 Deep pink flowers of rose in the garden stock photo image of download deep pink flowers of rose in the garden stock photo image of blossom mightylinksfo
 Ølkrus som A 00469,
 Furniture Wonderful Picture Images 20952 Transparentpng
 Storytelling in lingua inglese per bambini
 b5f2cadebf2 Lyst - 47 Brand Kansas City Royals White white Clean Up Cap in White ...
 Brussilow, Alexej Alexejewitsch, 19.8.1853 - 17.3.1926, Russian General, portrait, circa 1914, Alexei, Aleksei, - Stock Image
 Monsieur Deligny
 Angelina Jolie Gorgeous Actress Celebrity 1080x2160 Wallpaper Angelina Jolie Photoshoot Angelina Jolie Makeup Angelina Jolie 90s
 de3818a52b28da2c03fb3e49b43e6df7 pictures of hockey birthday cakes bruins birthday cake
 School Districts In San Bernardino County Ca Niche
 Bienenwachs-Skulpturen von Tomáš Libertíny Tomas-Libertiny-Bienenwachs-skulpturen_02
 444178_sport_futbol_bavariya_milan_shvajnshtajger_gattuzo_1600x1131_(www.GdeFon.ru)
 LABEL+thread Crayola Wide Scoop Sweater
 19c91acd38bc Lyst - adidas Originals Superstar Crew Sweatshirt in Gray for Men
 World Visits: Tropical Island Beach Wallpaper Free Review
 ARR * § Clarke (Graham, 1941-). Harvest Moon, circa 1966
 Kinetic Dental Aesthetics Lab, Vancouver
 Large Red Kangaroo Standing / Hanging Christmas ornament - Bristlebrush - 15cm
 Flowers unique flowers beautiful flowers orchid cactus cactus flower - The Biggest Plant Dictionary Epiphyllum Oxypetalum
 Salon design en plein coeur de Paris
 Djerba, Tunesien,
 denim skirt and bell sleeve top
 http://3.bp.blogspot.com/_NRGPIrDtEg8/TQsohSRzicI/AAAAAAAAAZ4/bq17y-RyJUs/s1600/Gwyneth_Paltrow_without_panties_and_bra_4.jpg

-=-=-

__Task brief__
Please show every line above that includes the word "circa".

__Task response__
 Brussilow, Alexej Alexejewitsch, 19.8.1853 - 17.3.1926, Russian General, portrait, circa 1914, Alexei, Aleksei, - Stock Image
 ARR * § Clarke (Graham, 1941-). Harvest Moon, circa 1966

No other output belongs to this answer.